In this issue:
ICYMI: Same newsletter, fresh look. Here’s the full story.
Retirement savings is one of the most underused benefits of being a business owner
2025 was a tough year for a lot of us. Most of us want cash in our hands right now. So naturally, we put off retirement savings, which benefit “future you.” We tell ourselves we’ll save for retirement later. When our profit margins aren’t shrinking, the economy is less volatile, and everything isn’t on fire.
But we’re talking about it right now because an upcoming deadline is forcing the conversation. If you want to make a personal Roth or traditional IRA contribution for last year, you can do it until April 15, or up to the day you file your taxes, if you file earlier.
This is the deadline when I see people make mistakes, because they’re rushing to file so they can get their refund as fast as possible.
I totally understand wanting your tax refund in your hands yesterday, if not sooner. But if you move too quickly, you can miss out on an opportunity to save money today and for future you. Because once you file, the option goes away.
So, today, we’re going to slow down just enough to help you make the right retirement call for this year.

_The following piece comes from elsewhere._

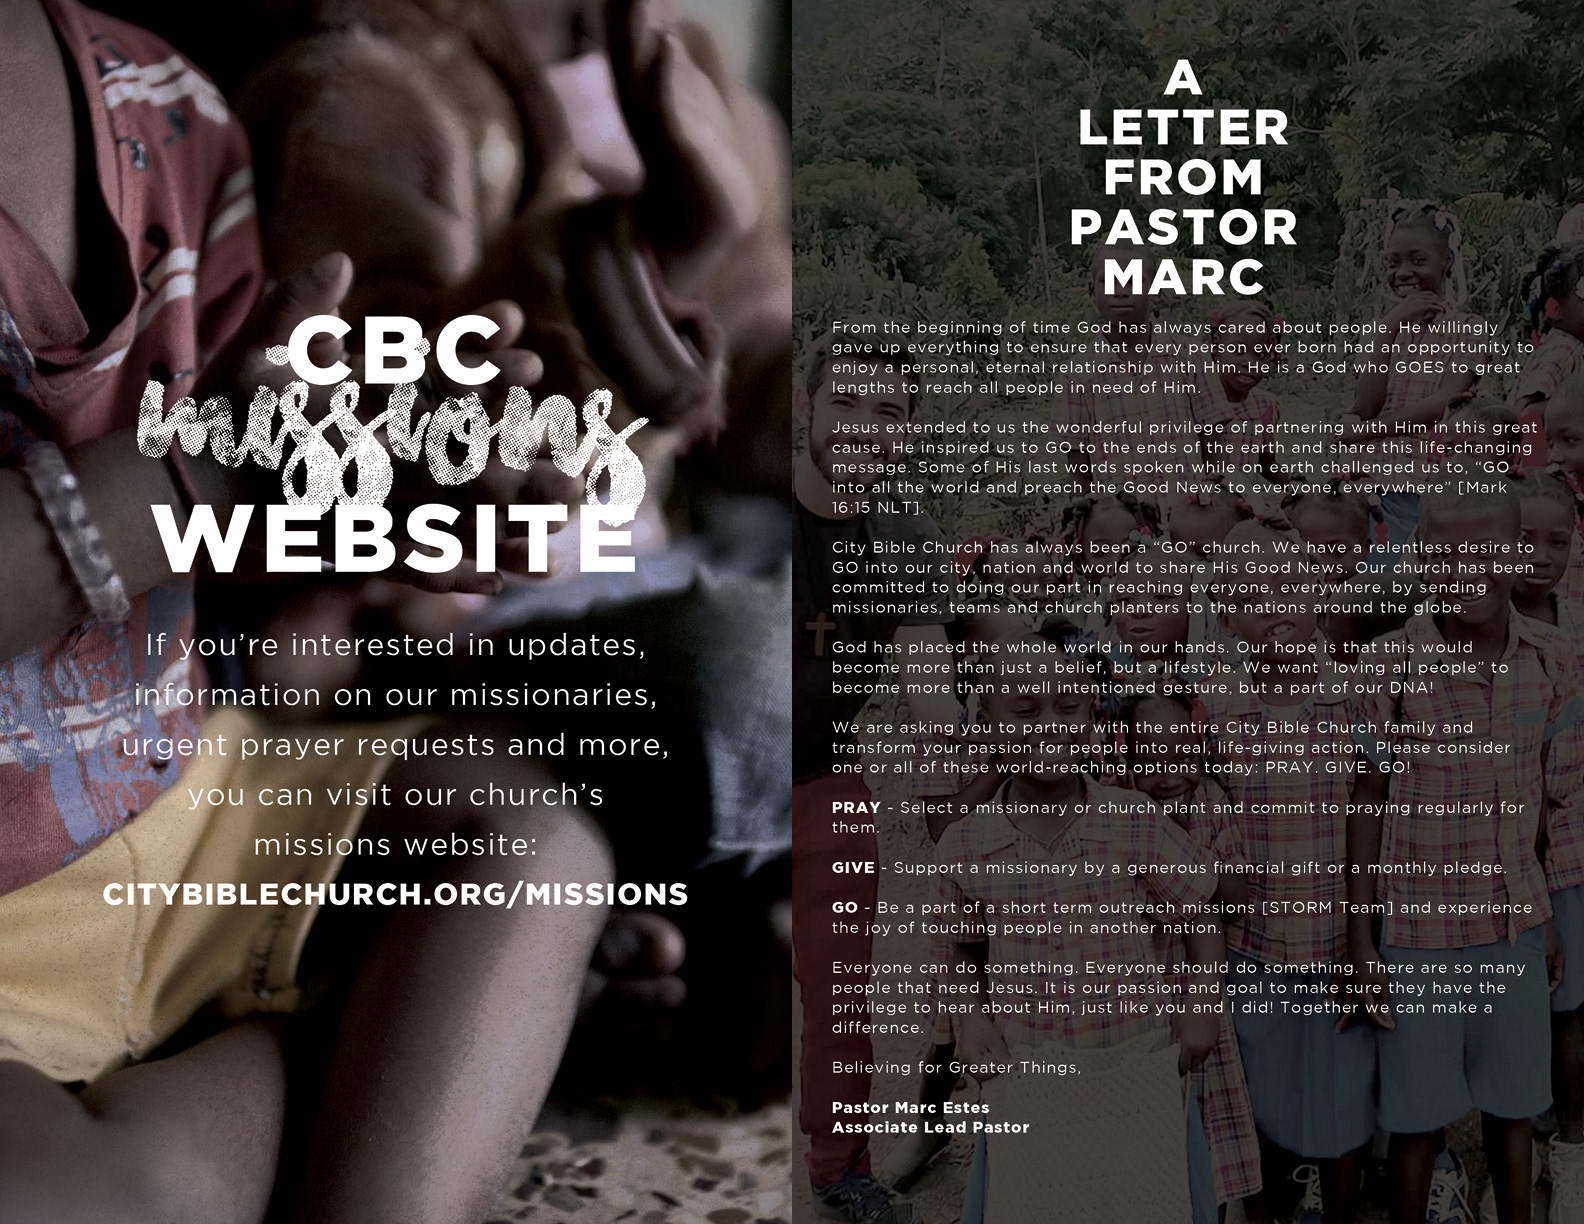 City Bible Church - World Sunday Booklet 2016 on Behance
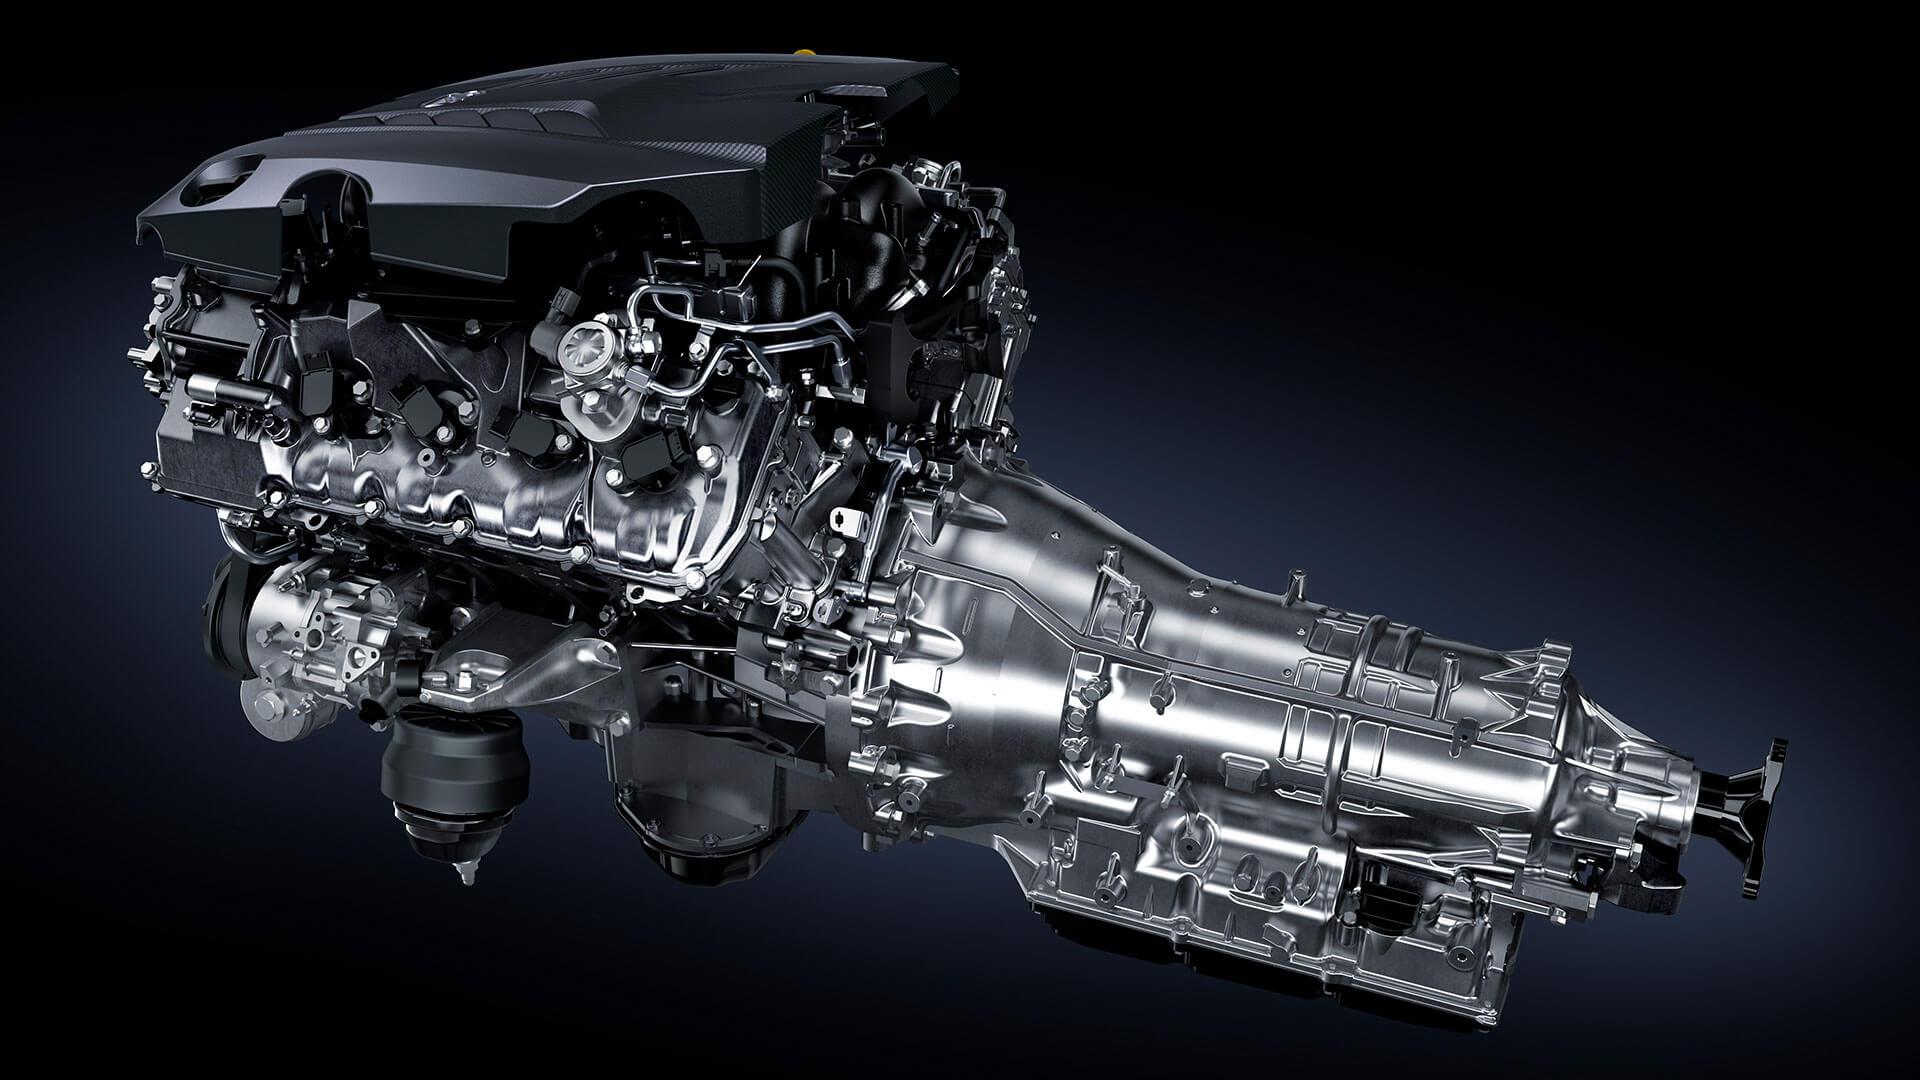 2017 lexus lc 500 features 10 speed transmission

Here’s the split I want you to have in your head before you make any decisions
There are two retirement savings buckets: personal and business.
The personal bucket is the one that any human who earned US income, including kids and non-citizens, can fill. You can choose to use a Roth or traditional IRA, or a combination up to the allowed limit of $7,000 for 2025 ($8,000 if you’re over 50). You can open an account and move money until April 15, or until the day you file your taxes if you file earlier.
And that deadline is firm, even if you take an extension. Fund by April 15, or it’s gone.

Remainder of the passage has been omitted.